HMRC will not advise you on the phone whether you qualify for Class 2 or not. The procedure to follow is to complete the last 2 pages of NI38 and send it by post so they contact you, which I have now done.
Here is the link to NI38 and quote from page 9: https://www.gov.uk/government/public...ty-abroad-ni38
"You can pay Class 2 NICs if you’re employed or self-employed abroad and if you satisfy the following conditions.
1. You’ve lived in the UK for a continuous 3-year period at any time before the period for which NICs are to be paid*, or
2. Before going abroad you paid a set amount in NICs for 3 years or more (this will be checked when you ask to pay Class 2 NICs*), and
3. In addition to conditions 1 and 2, you must also, immediately before going abroad, have been ordinarily an employed or self-employed earner in the UK.

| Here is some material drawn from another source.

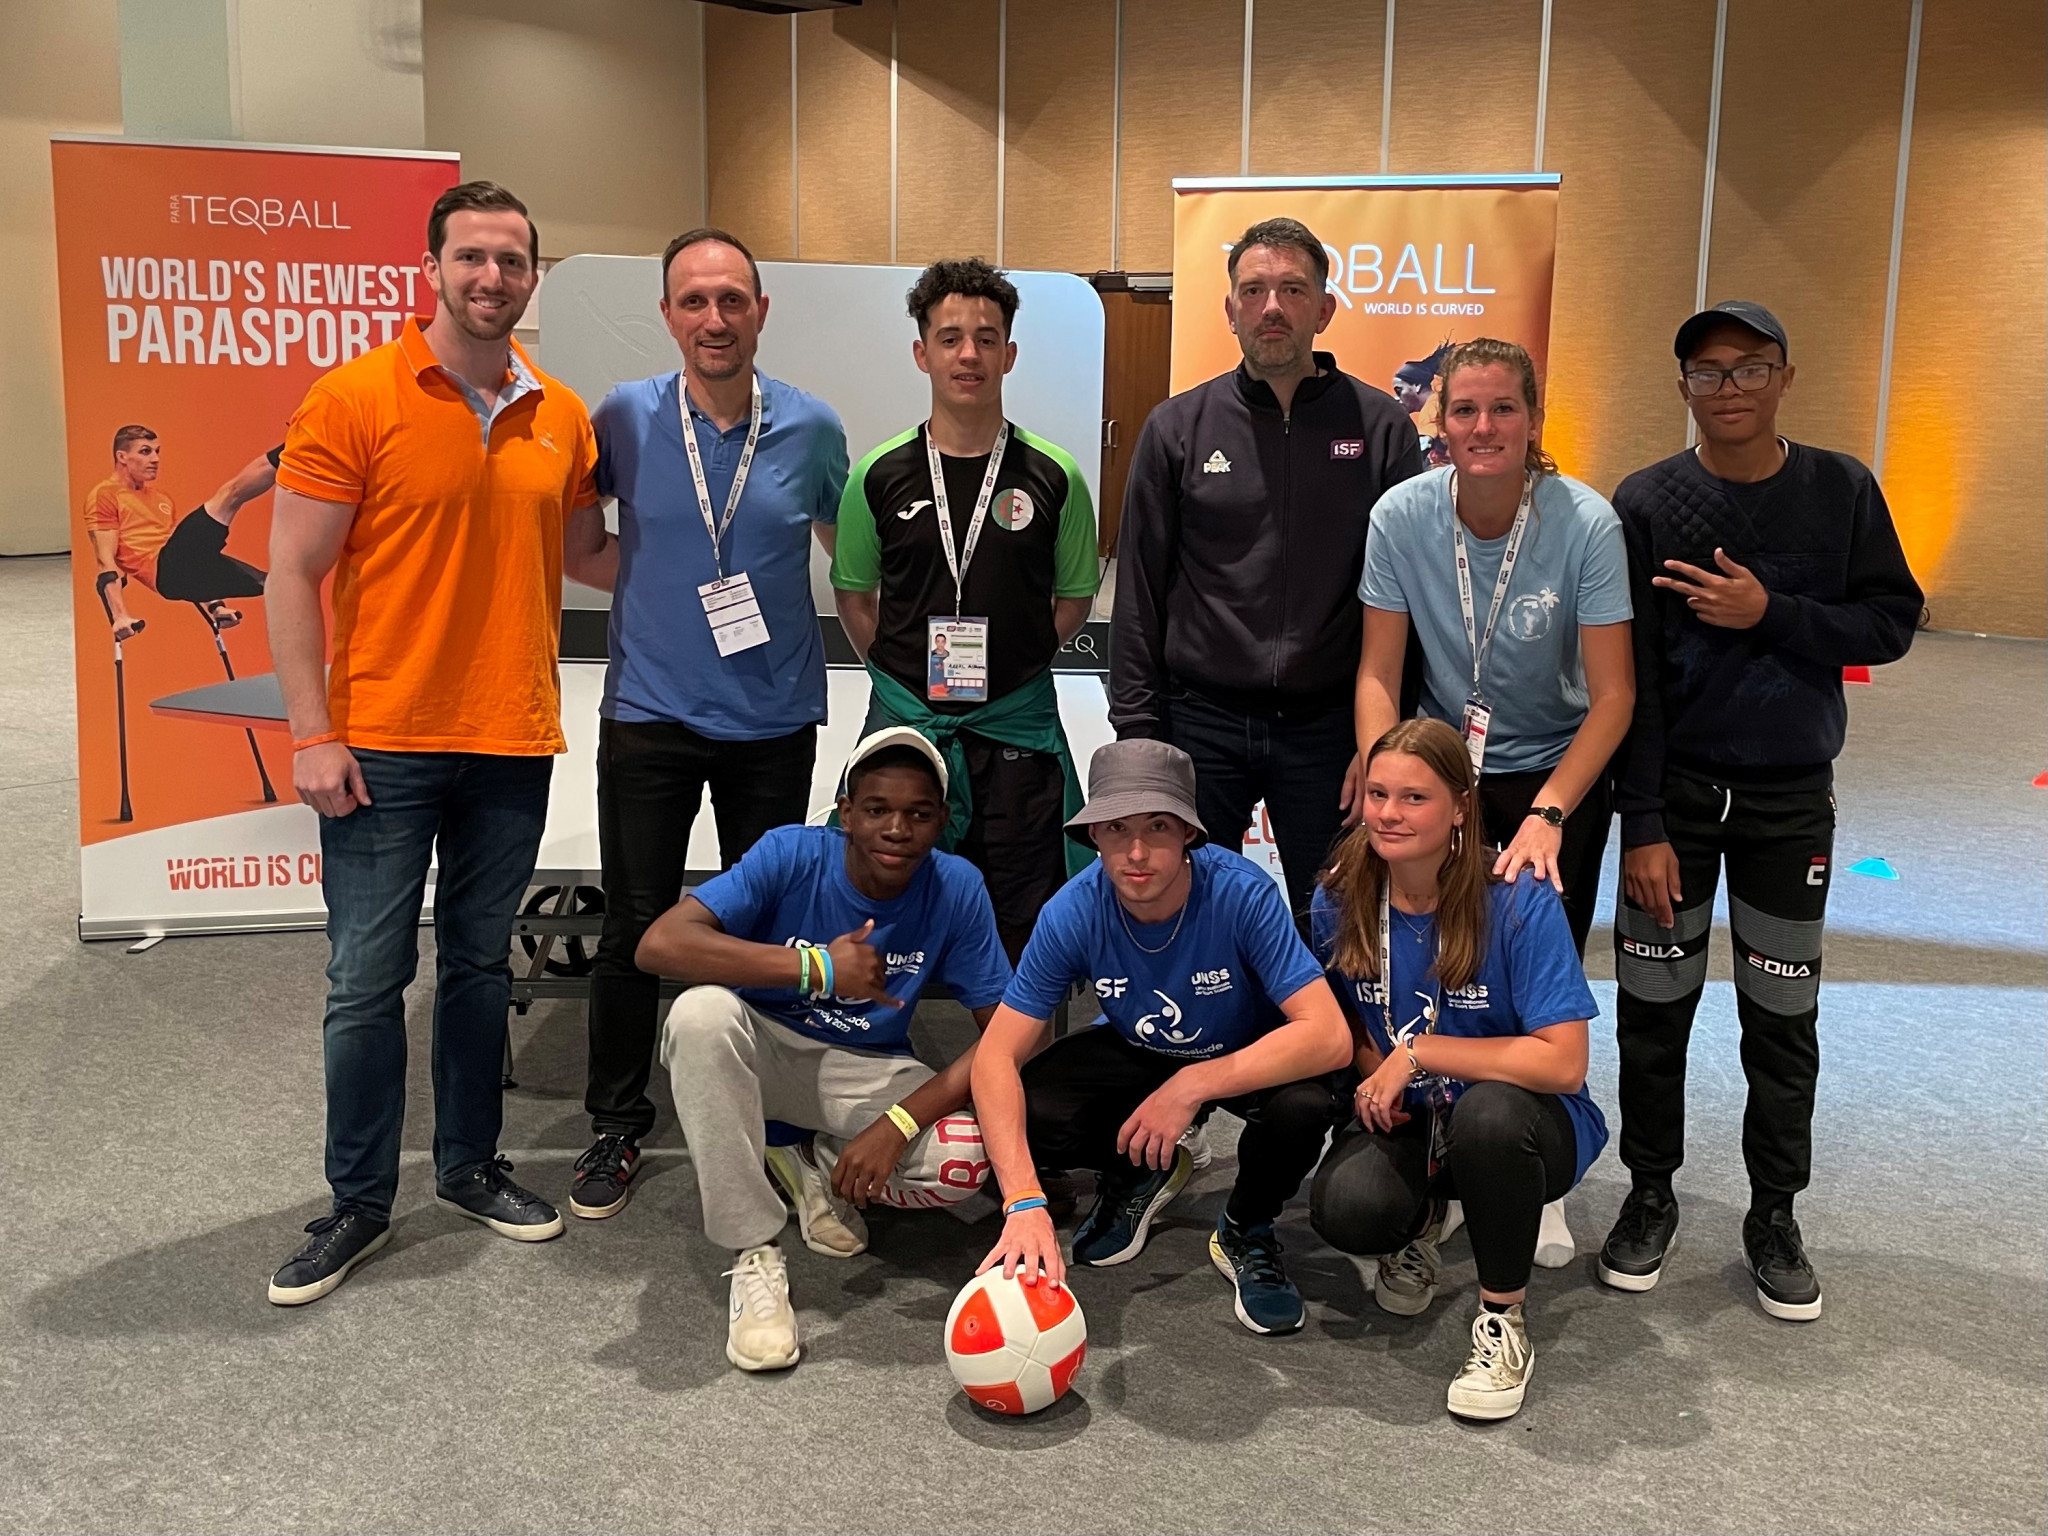 FITEQ holds teqball demonstration event at ISF Gymnasiade in Normandy

*If you lived and worked in an EU, EEA country, Switzerland or Turkey, time spent there may help you to meet this condition. " | | | | | did they make any comment as to whether the whole period of any missing contributions would be paid at class 2 rate? When I called I was advised it was probable that any application to pay class 2 would be granted for some years (unspecified, depends on circumstances) but unlikely for a whole period.
It was implied that one didn't, after a certain number of years abroad, continue to qualify to pay class 2..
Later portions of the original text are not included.